Nevada System of Higher Education
Health Sciences System Newsletter 
January 2014
The Health Sciences System (HSS) was established by the Nevada System of Higher Education (NSHE) Board of Regents in 2006. Its purpose is to address Nevada's community health issues through a system-wide effort to integrate and expand the education of health professionals and to foster collaborative research in health and health care.  Through collaboration among the NSHE institutions and a broad range of external partners, the HSS intends to be a catalyst for improvement in the health and wellness of Nevada.  Visit us at:
Nevada receives grant from Robert Wood Johnson Foundation to help lead efforts to transform health care through nursing 
The Robert Wood Johnson Foundation (RWJF) announced that the Nevada Action Coalition will be part of a $4.5 million initiative, the Future of Nursing State Implementation Program. The program is helping states prepare the nursing profession to address our nation's most pressing health care challenges -- access, quality, and cost. RWJF announced ten states that are joining the program this month; it launched with 20 states in February.

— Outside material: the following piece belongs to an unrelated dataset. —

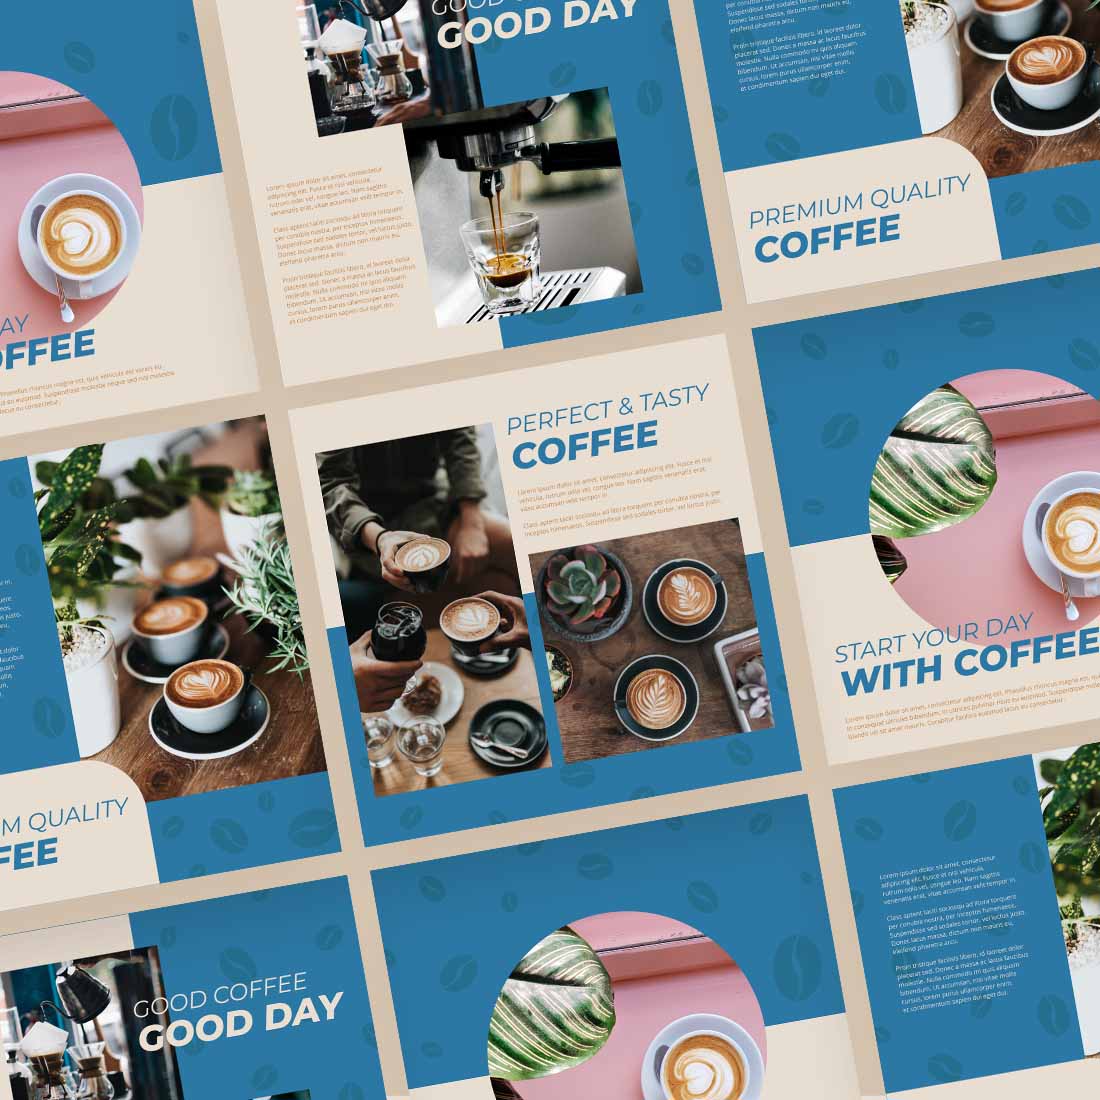 4 Coffee Shop Social Media Banner Template created by ner.dsgn.
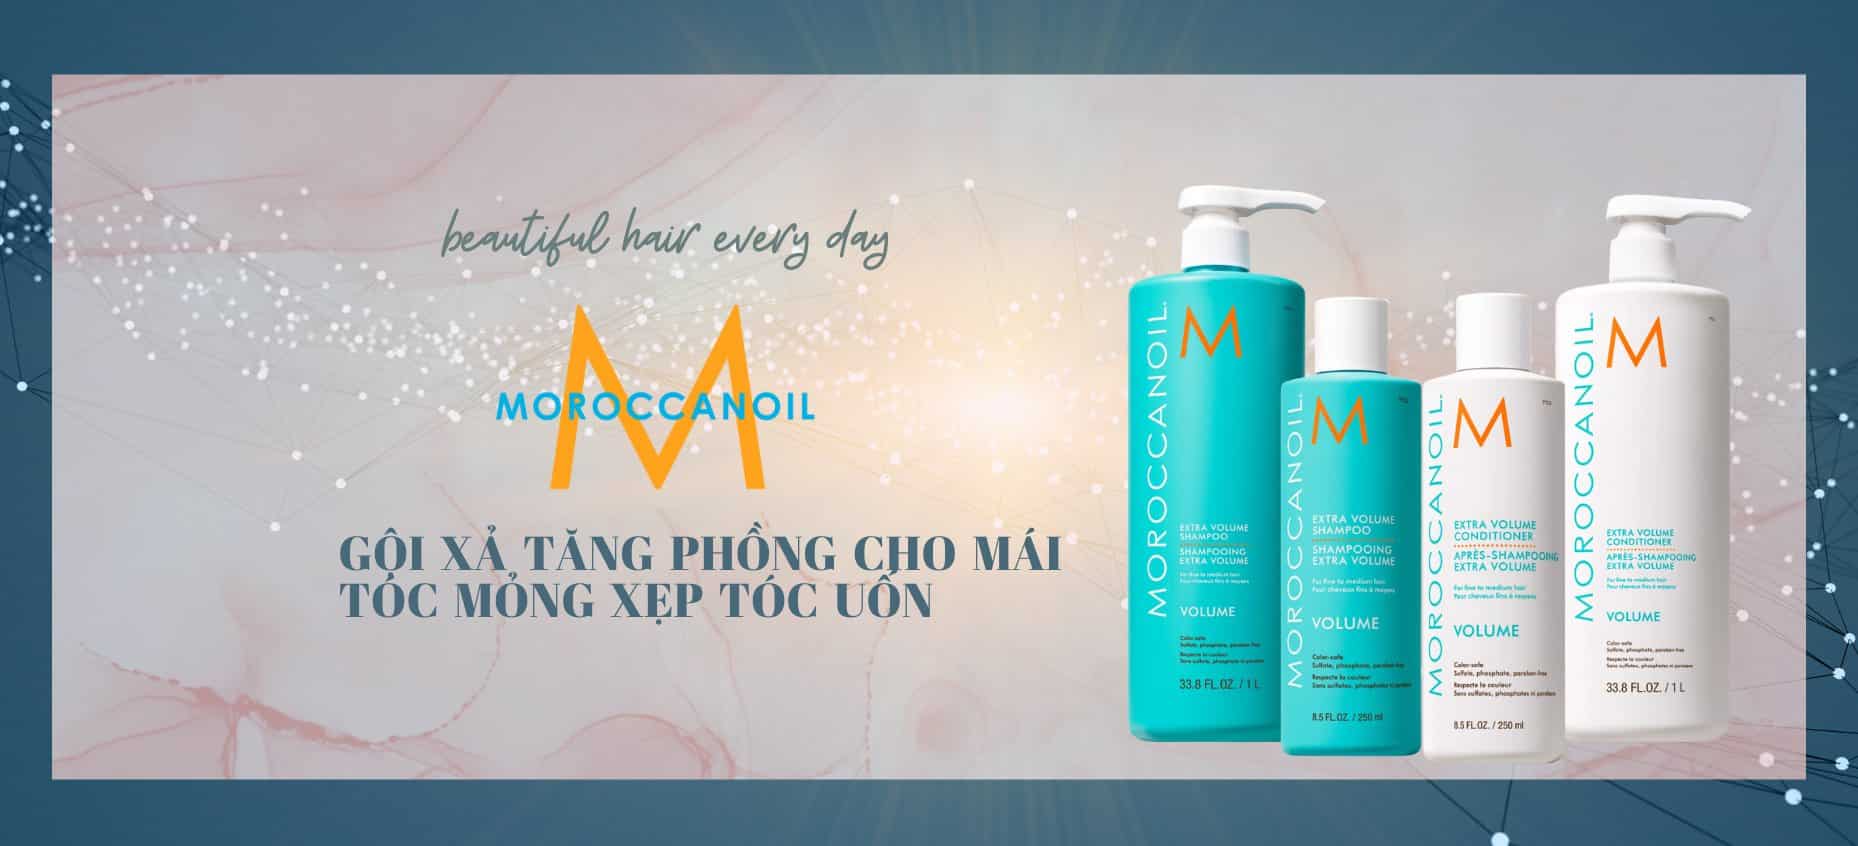 review-dong-san-pham-moroccanoil

The State Implementation Program bolsters efforts already underway in 50 states and the District of Columbia-the Future of Nursing: Campaign for Action -to improve health and health care through nursing. A joint initiative of AARP and RWJF, the Campaign is working to implement the Institute of Medicine's (IOM) evidence-based recommendations on the future of nursing. It provides a vehicle for nurses at all levels to lead system change to improve care for patients and families through collaboration with business, consumer, and other health professional organizations.

"We are pleased that NSHE has this opportunity to partner with the Nevada Action Coalition to promote nursing education throughout our state," said Dan Klaich, chancellor of NSHE. "Working with our colleagues at the Department of Employment, Training and Rehabilitation, the Governor's Office of Economic Development, and myriad nursing leaders and other health care stakeholders, I am confident we will better prepare Nevada's nurses for success in a changing workforce environment."

UNR School of Social Work, implements and practices interprofessional education



In the picture to the left, Cathy Butler and Erin Snell helped students analyze the case. In the picture to the right, Shannon Aldworth (third to the right) worked with students on how to use a concept map to organize and prioritize the client's issues.



This fall semester, students in Social Work 712 course taught by Gloria Messick Svare, Ph.D., associate professor, School of Social Work, University of Nevada, Reno,engaged in a series of interprofessional experiences with nursing, psychiatry and psychology.  Using a case study developed by Shannon Aldworth, MSN, RN and Erin Snell, LCSW, MBA from the Center of Hope of the Sierras-a local treatment facility for women and men with eating disorders-social work students learned about how other health-related professionals conceptualize complex case material. Thanks to the professionals who gave their time and expertise, students gained insights into how professionals from other disciples think. Thanks to Cathy Butler, MSN, RN, AHNC,Orvis School of Nursing and her nursing students; Melissa Piasecki, M.D., senior associate dean for academic affairs, School of Medicine; and Jane Fisher, Ph.D., professor of psychology, director of Nevada Caregivers Support Center for their participation.


Nevada Department of Transportation awards traffic safety grant to school of Medicine 


'Pedestrian killed.' 'Child struck by car.' Headlines like these are all too common these days, so the University of Nevada School of Medicine has partnered with the Nevada Department of Public Safety, Office of Traffic Safety to address traffic safety through development of a database that combines car crash scene data with trauma hospital data to continue traffic safety research.


The Nevada Department of Public Safety, Office of Traffic Safety awarded a grant to the School of Medicine for the 2013-2014 grant year to continue maintaining that previously-established database.


The grant allows for data from 2012 and on-the-scene death information to be added to the database to provide a more complete picture of the factors that might put individuals at risk for traffic- related injuries and the economic impacts of those injuries. In addition, statistical analysis and models will be used to identify predictive factors for traffic-related injuries.

Did you know: 
The Nevada System of Higher Education has 150 distinct Health Sciences programs throughout eight institutions with an estimated total of 18,000 enrolled students.